====== Information shown ======

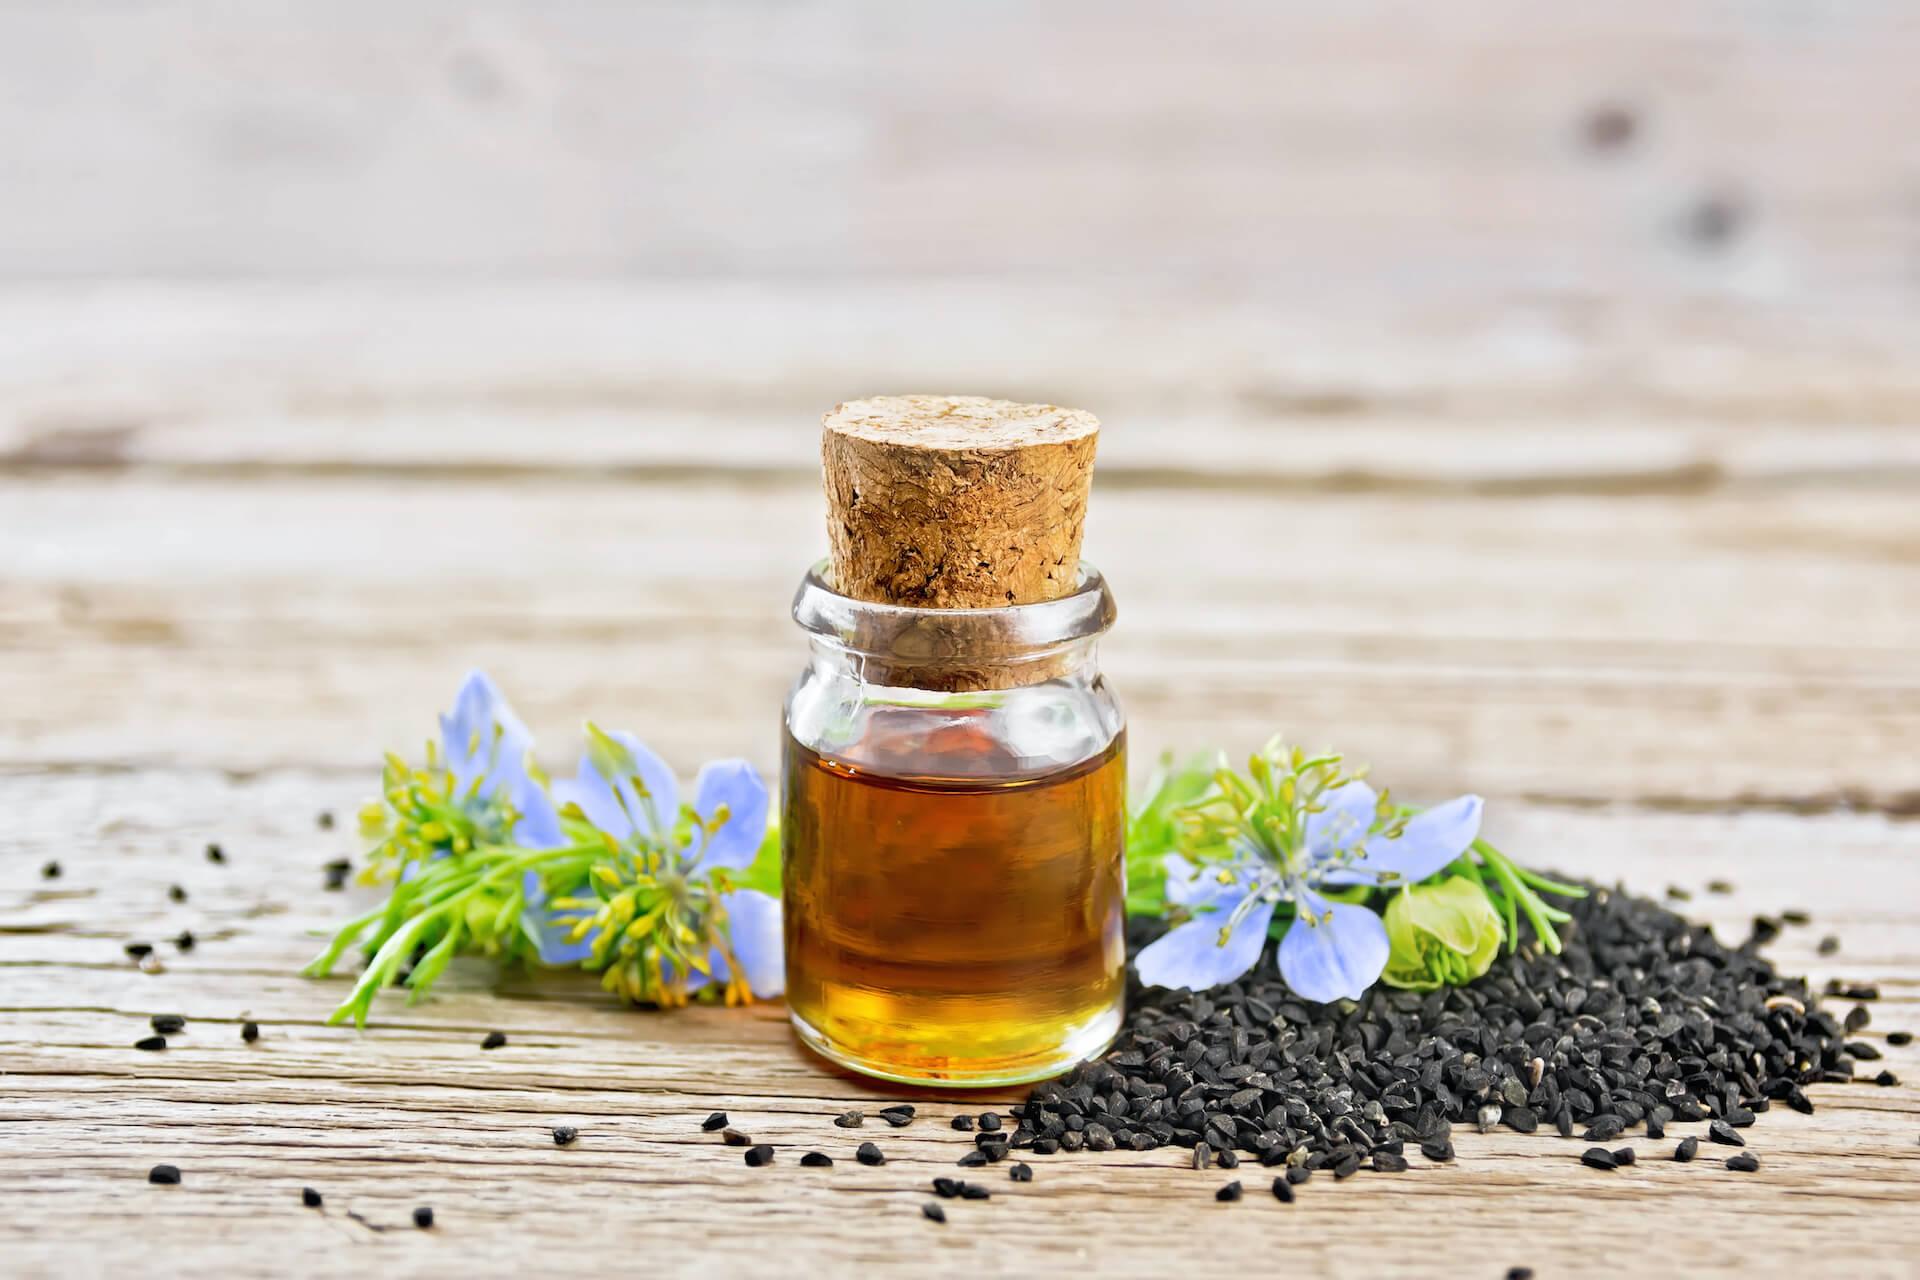 Fitosalus centar, fitoterapija, aromaterapija, prirodno liječenje,, ulje crnog kima
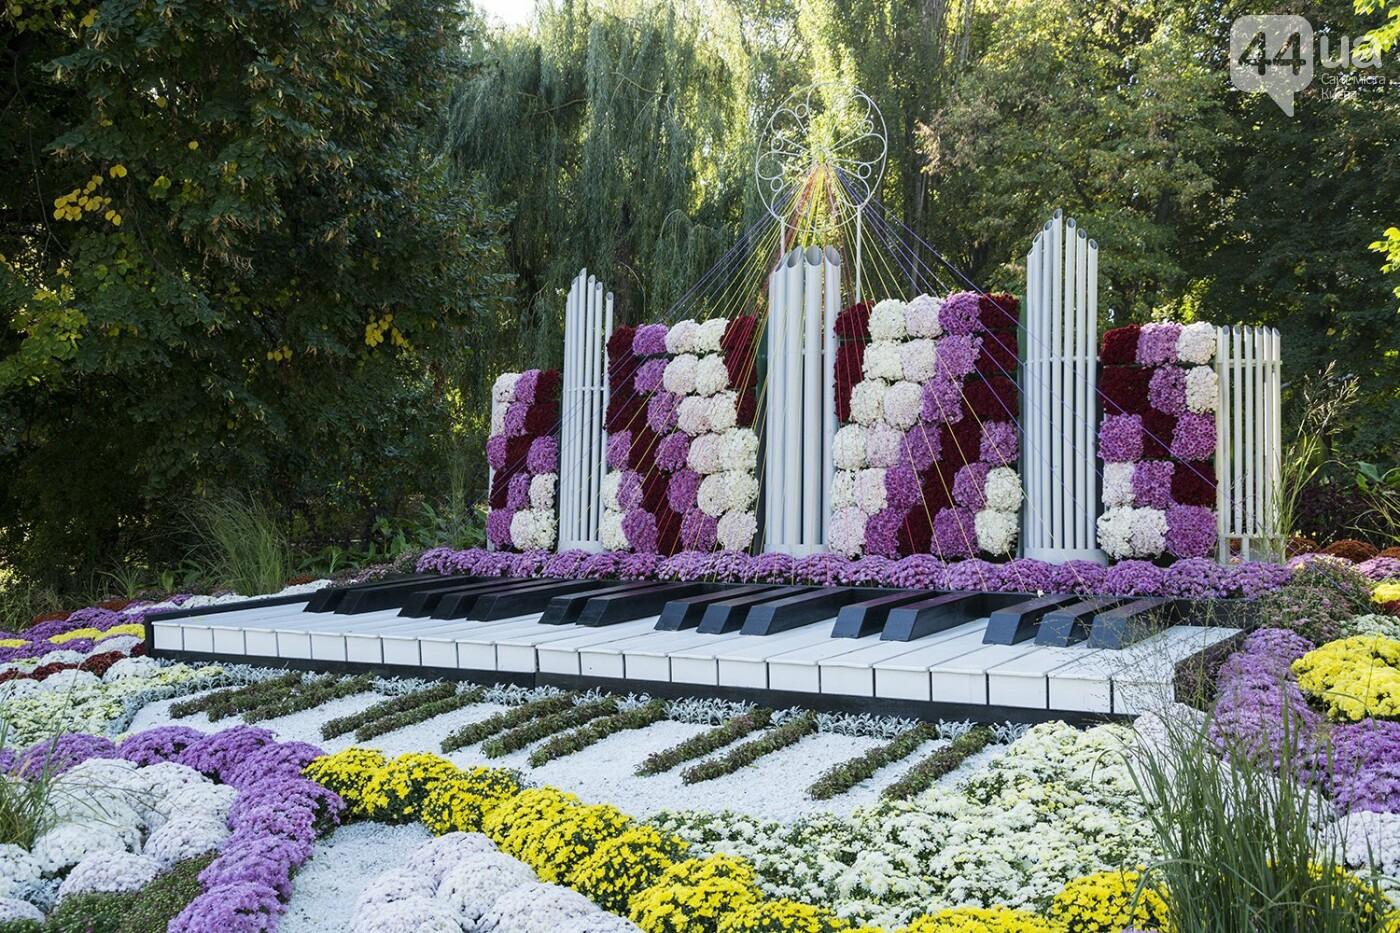 С музыкой и цветами: в Киеве стартовал красочный фестиваль хризантем, - ФОТОРЕПОРТАЖ, фото-6
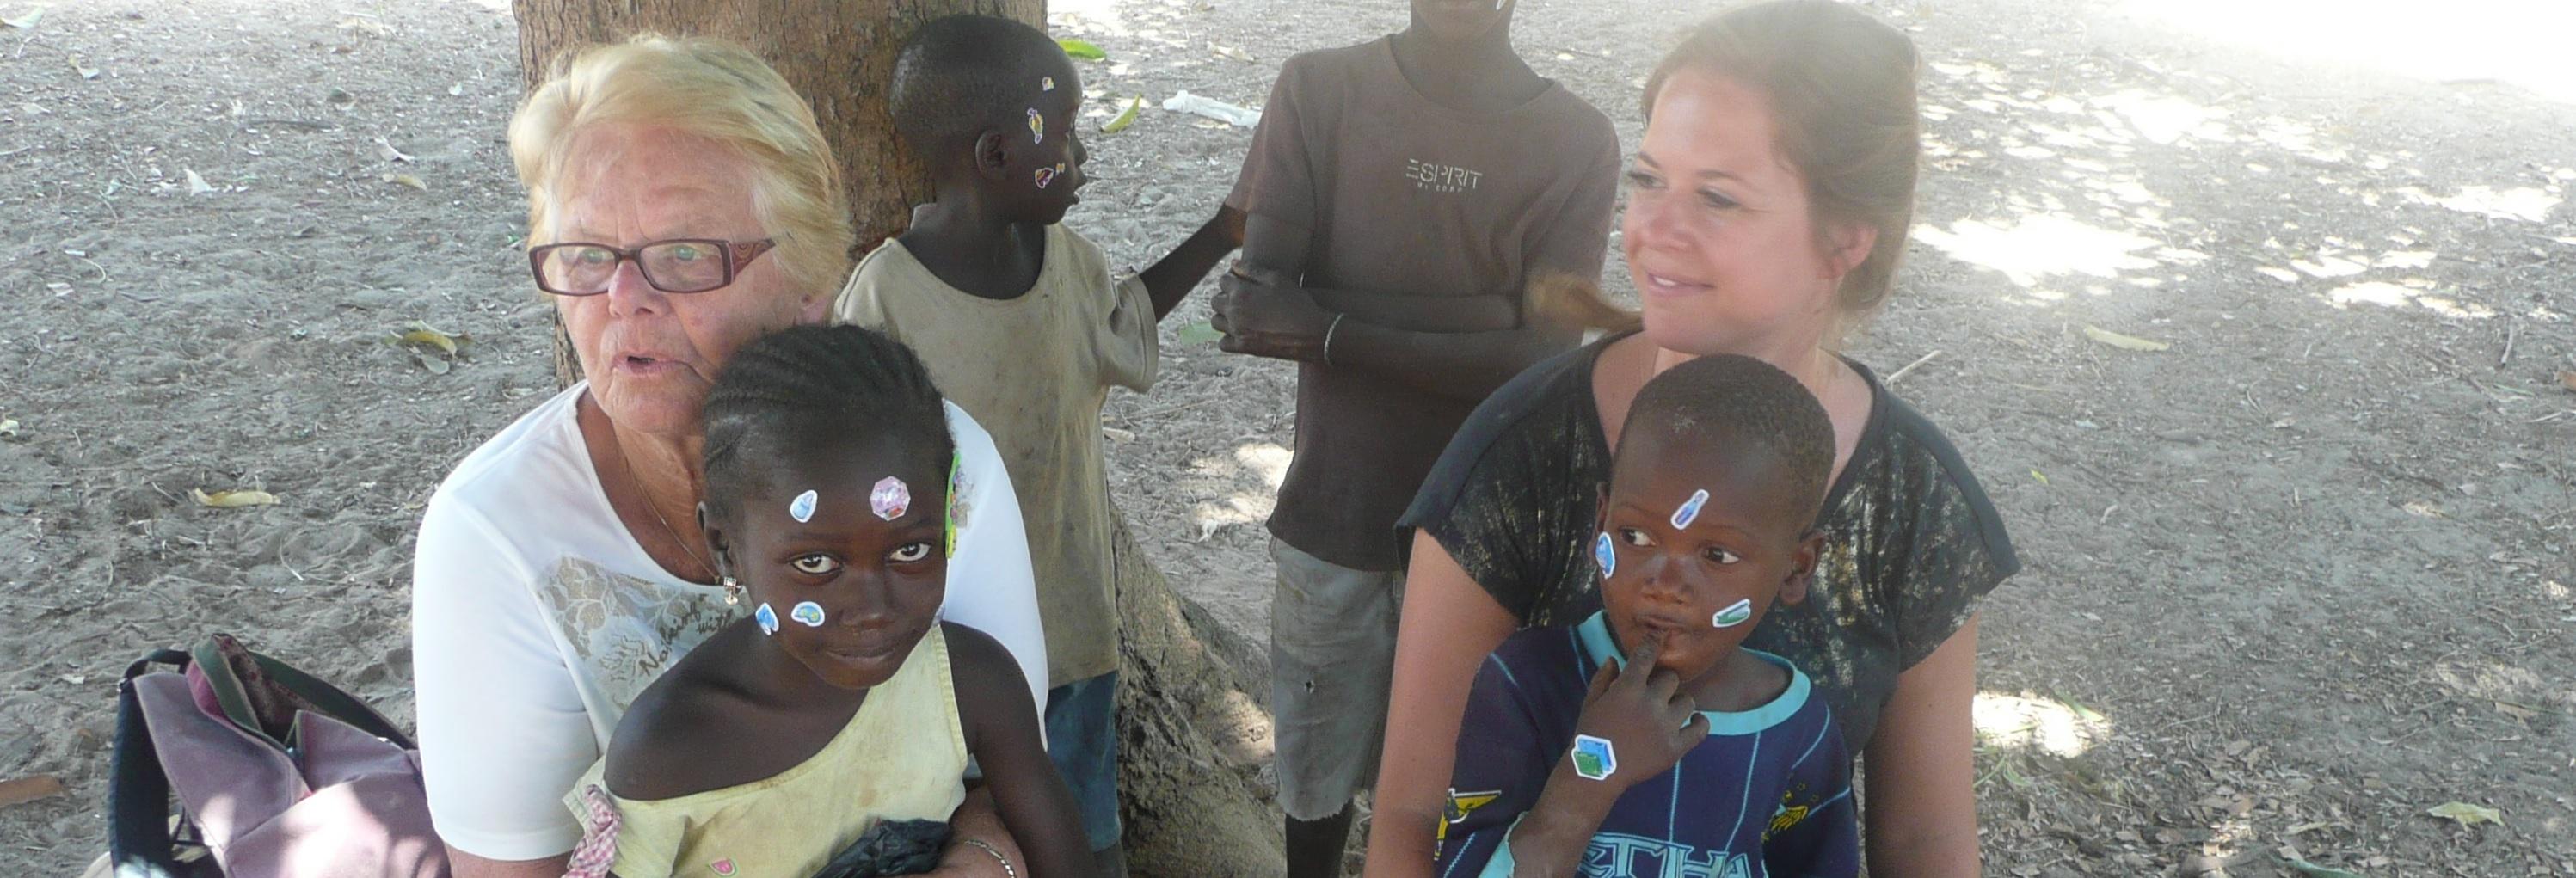 Vrijwilligers project sociaal Gambia Afrika Kinderen

======

Only the text of the listing above should be copied, exactly and with pictures left out.

Your solution:
 Fitosalus centar, fitoterapija, aromaterapija, prirodno liječenje,, ulje crnog kima
 С музыкой и цветами: в Киеве стартовал красочный фестиваль хризантем, - ФОТОРЕПОРТАЖ, фото-6
 Vrijwilligers project sociaal Gambia Afrika Kinderen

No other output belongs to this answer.